Autant le dire… : C’est de l’hypocrisie pure et simple
La France va suivre de près les avoirs et les mouvements des biens de Ben Ali sur son sol. Quant à la Suisse, elle décide de bloquer, au cas où il le faut, tous les biens mal acquis de Ben Ali et qui se trouvent sur son territoire. D’autres pays européens vont faire de même. C’est de l’hypocrisie pour se faire tout simplement bonne conscience. En effet, Ben Ali est au pouvoir en Tunisie depuis 23 ans. Il a eu tout le temps d’amasser les biens qu’il voulait, de les déposer pour ce qui est de l’agent liquide, dans les banques de ces mêmes pays occidentaux. Et les dirigeants de ces pays le savaient très bien. Il en est de même des biens immeubles.
Si réellement ces pays étaient dans une position raisonnable, pourquoi n’avoir pas interdit en son temps que Ben Ali y dépose ses sous et y acquise des immeubles ? Ben Ali a pillé pendant 23 ans les richesses de la Tunisie. On pourrait même dire que c’est avec la complicité de ces pays-là. Puisque ces biens mal acquis produisent des taxes pour eux. Si tant est qu’ils nous aiment beaucoup et qu’ils doivent aider à rapatrier les biens que nos dirigeants déposent dans leurs banques, qu’ils interdisent tout simplement que ces biens arrivent chez eux. C’est aussi simple que cela.
Car à l’analyse, c’est de cette même manière que ces pays, notamment la France et la Suisse, qui accueillent et camouflent la plupart des biens mal acquis de nos dirigeants, se comportent. Il a fallu en Tunisie que la population ait suffisamment mal et mare pour qu’enfin ces pays se souviennent que Ben Ali y a déposé et y a des biens estimés à environ 5 milliards de dollars. Même les organisations de défense de droits de l’homme et de lutte contre la corruption et le blanchissement d’argent comme Transparency international sont complices. On se rappelle que c’est mollement qu’elles se battent pour dénoncer les fortunes mal acquises de certains de nos dirigeants actuellement en fonction.
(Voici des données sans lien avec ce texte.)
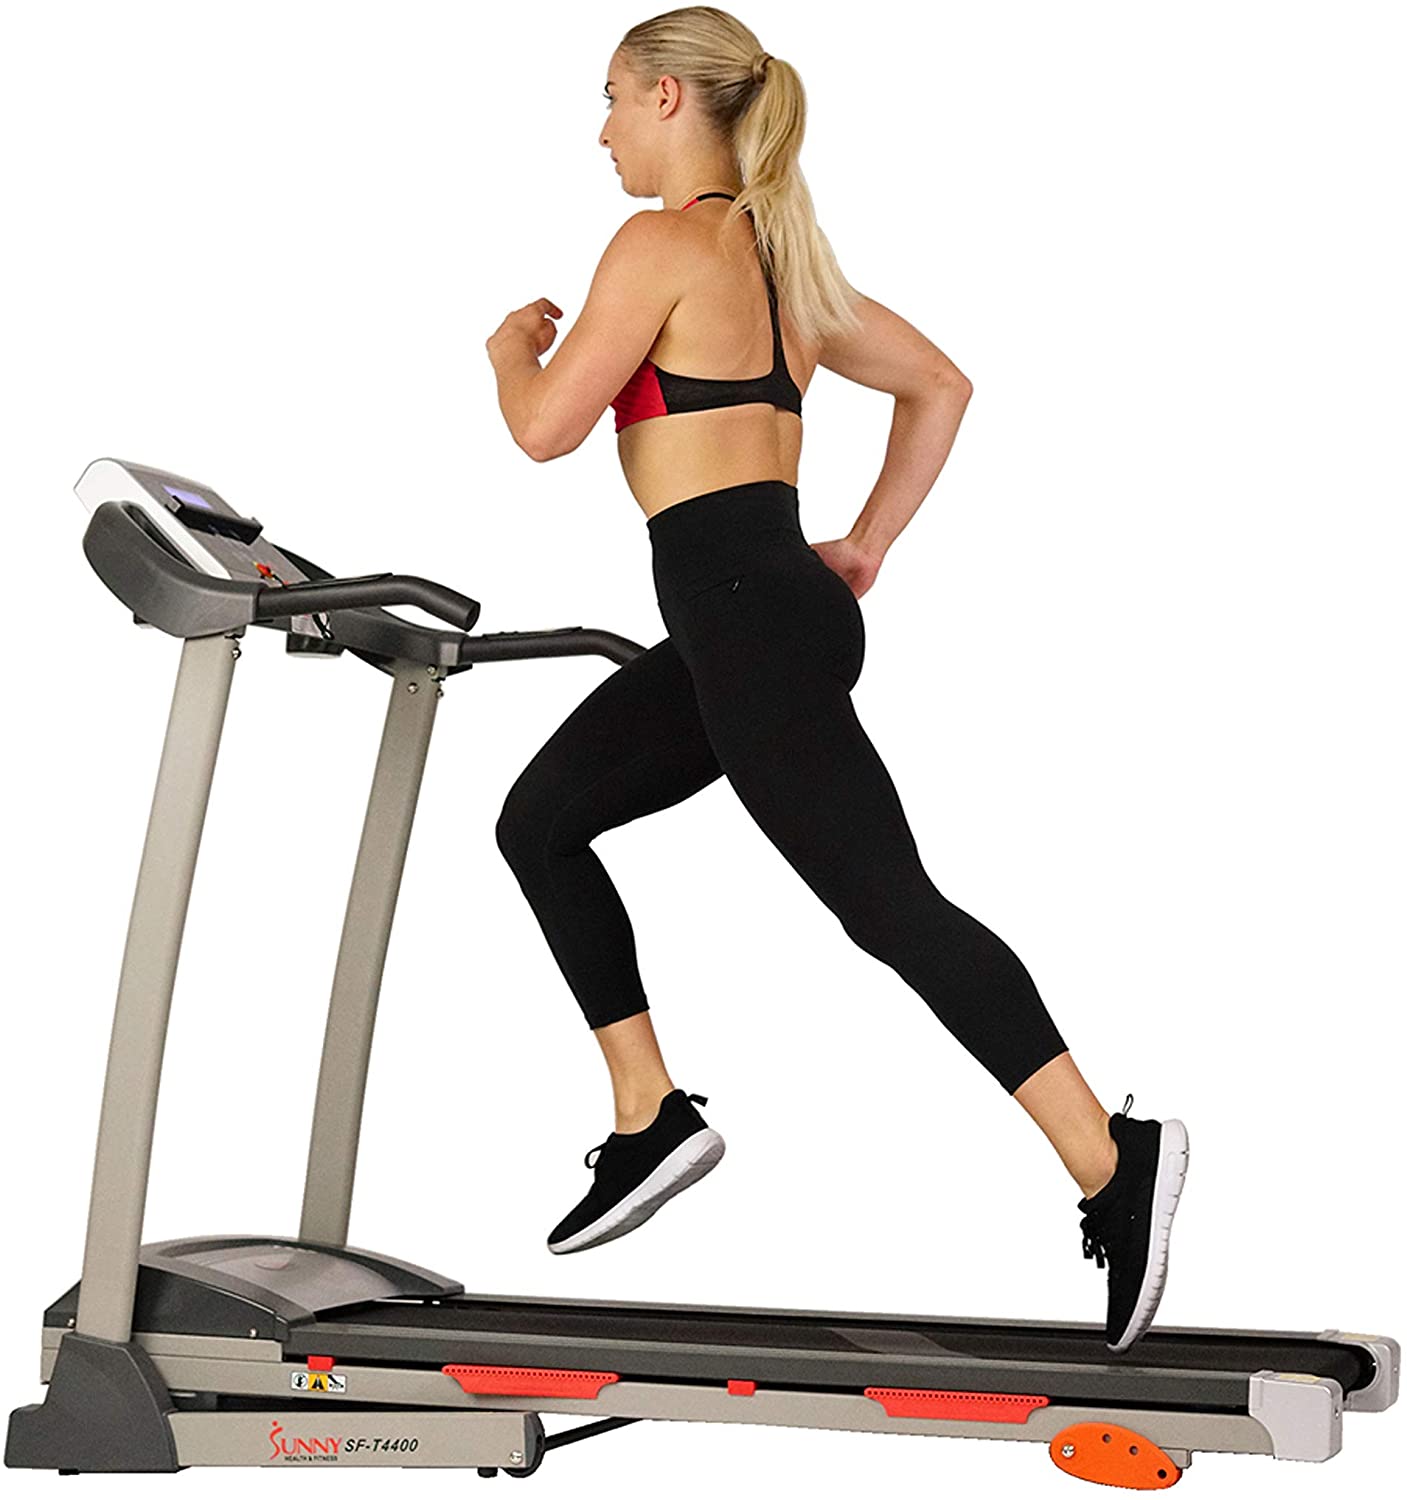 Sunny Health & Fitness Folding Treadmill with Device Holder, Shock Absorption and Incline

Ben Ali, tant qu’il était au pouvoir était le président chouchou de la France et de l’Union européenne. Il n’y avait rien à lui reprocher, même quand tout le monde savait qu’il a muselé la presse et les libertés syndicales et politiques dans son pays. Il en est de même de beaucoup d’autres dirigeants africains actuellement au pouvoir. Mais, tant que les comptes son bons, il n’y a rien à dire. Comme pour dire, « débrouilles-toi pour ne pas qu’on sache ; nous on ne voit rien ».
C’est pourquoi, face à ces questions, les Africains doivent eux-mêmes prendre leurs responsabilités. Car, quoi qu’on dise, ces gens-là ne viendront jamais faire notre bonheur à notre place. Et c’est par des comportements du genre qu’ils contribuent à crédibiliser les positions maximalistes de Laurent Gbagbo en Côte d’Ivoire. Il faut qu’un jour ça cesse. On ne peut pas impunément dérober les biens de tout un peuple et aller les déposer ailleurs.
C’est pourquoi, on pourrait dire que, s’il faut poursuivre Ben Ali et les autres, il faut citer les banques et les pays dans lesquels se trouvent ces biens-là comme complices. Car, en réalité c’est purement et simplement de cela qu’il s’agit.